Śubh Sukh Cain
- National anthem of the Provisional Government of Free India
- Lyrics: Capt. Abid Ali, Mumtaz Hussain, 1943
- Music: Capt. Ram Singh Thakuri
- Adopted: 1943
- Relinquished: 18 August 1945

= Shubh Sukh Chain =

National anthem of the Provisional Government of Free India

Shubh Sukh Chain (Hindustani: शुभ सुख चैन, سب سکھ چین), also romanised as Śubh Sukh Cain (/Hi/; lit. 'Auspicious Happiness'), was the national anthem of the Provisional Government of Free India also known as Azad Hind.

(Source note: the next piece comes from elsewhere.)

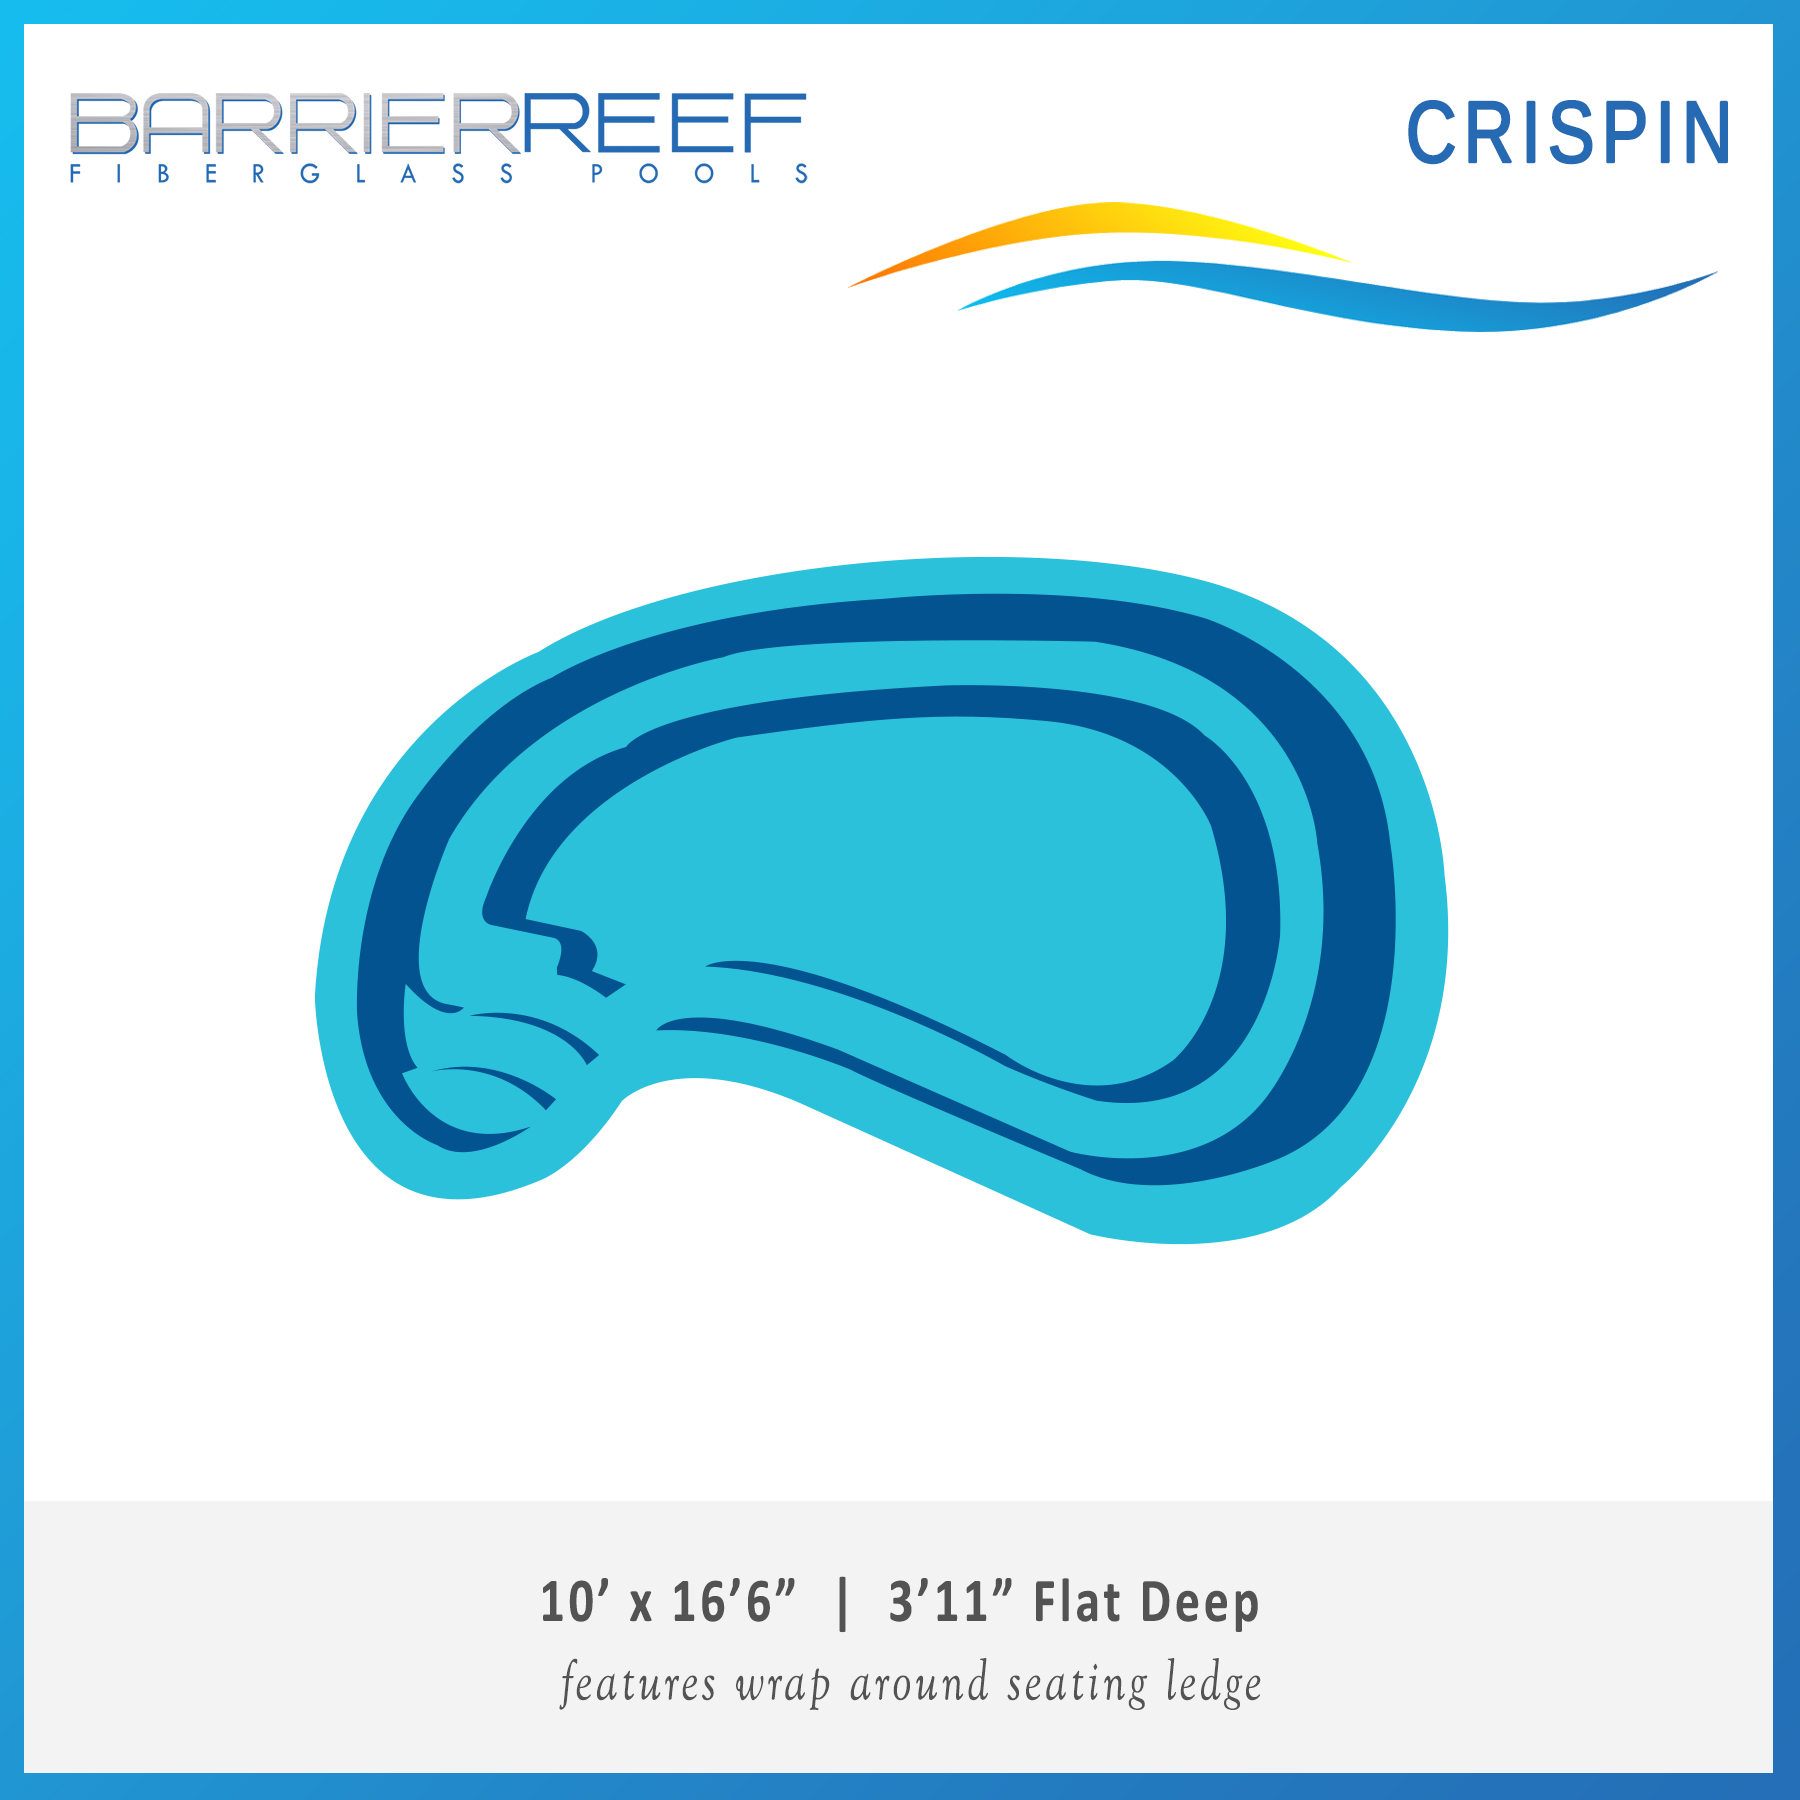 Crispin Barrier Reef Fiberglass Pool

The song was based on a Bengali poem Bharoto Bhagyo Bidhata by Rabindranath Tagore. When Subhas Chandra Bose shifted to Southeast Asia from Germany in 1943, he, with the help of Mumtaz Hussain, a writer with the Azad Hind Radio, and Colonel Abid Hasan Safrani of the Indian National Army (INA), rewrote Tagore’s Jana Gana Mana into the Hindustani Shubh Sukh Chain for use as the national anthem. Bose then went to what was then the INA broadcasting station at the Cathay Building in Singapore and asked Capt. Ram Singh Thakuri to compose the music for a song translated from Rabindranath Tagore's original Bengali score. He asked him to give the song a martial tune.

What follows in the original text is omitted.